We can help parents support their children through this process. We generally use a combination of conflict coaching and mediation techniques to help parents and children address the underpinnings of conflict and develop strategies and techniques for navigating the future together.
During mediation, families can sit down together and talk through the challenges they face with guidance from a neutral party. We bring our experience in family counseling, psychology and mediation to bear on the discussion.
We can help you with issues around aging and aging family members. For example—
Planning for care of an elderly family member.
Resolving conflicts within the family about sharing responsibilities for an aging or ill family member.
Addressing disagreements between adult children and their aging parents about lifestyle and health decisions.
Facilitating end-of-life planning conversations.
Reconciliation in situations where a family member is dying, and you want to clear the air about a disagreement or issue.
Reconciliation when you are dying, and you want closure with a family member with whom you’ve had a conflict.

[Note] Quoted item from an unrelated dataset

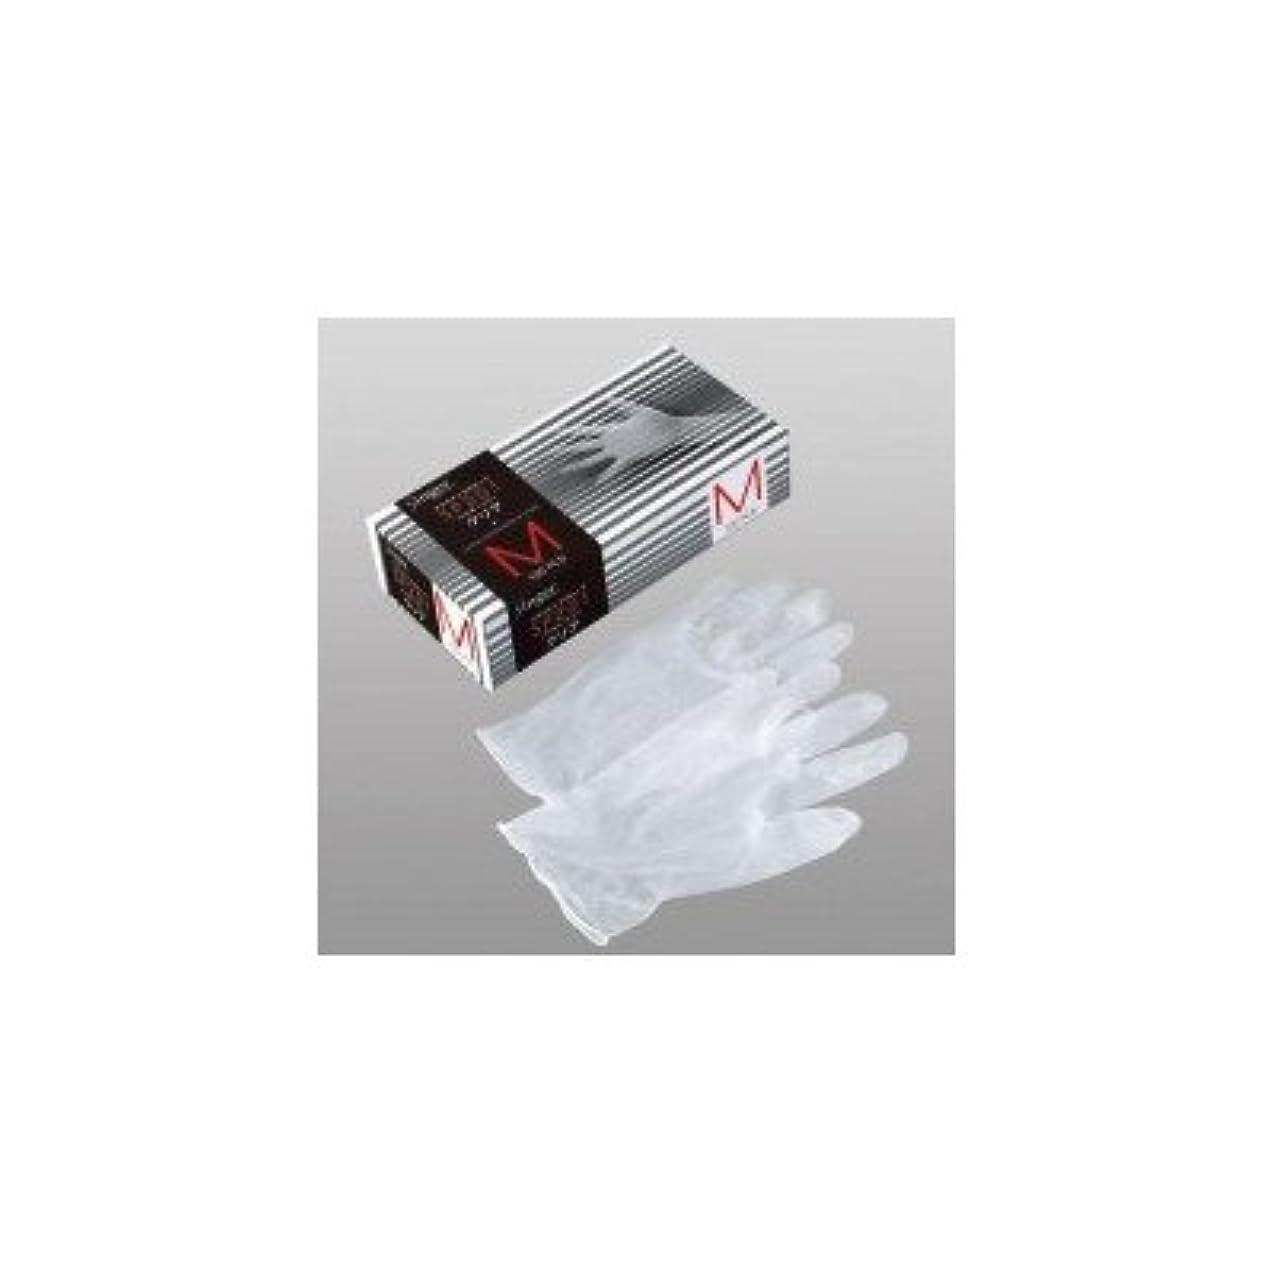 クリア背景洞察力のあるシンガープラスチックグローブ(手袋) SP201 パウダーフリー クリアー(100枚) S( 画像はイメージ画像です お届けの商品はSのみとなります)

Many families have long-standing relationship challenges. When the family then has to deal with end-of-life challenges or issues associated with aging, it can have a significant impact on how they experience their remaining time together. For example, couples may disagree on how to care for an aging parent. Or aging parents and adult children can experience conflict with the parent who wants to maintain an independent lifestyle, faces financial difficulties or is reluctant to share problems or concerns. Sometimes family dynamics inhibit or even prevent open communication.
We help families, siblings, parents and children, and couples work together to resolve issues by creating an environment where they can clear the air. It allows for open and honest discussions about each person’s needs or helps a family prepare for end-of-life matters.
Situations such as these are often complex and demand great sensitivity to the needs of all concerned. We bring our experience in family counseling, psychology and mediation to bear on the discussion. In the end, working through the issues with the help of a trained facilitator can lead to better communication, reduced tensions and a better understanding of each other.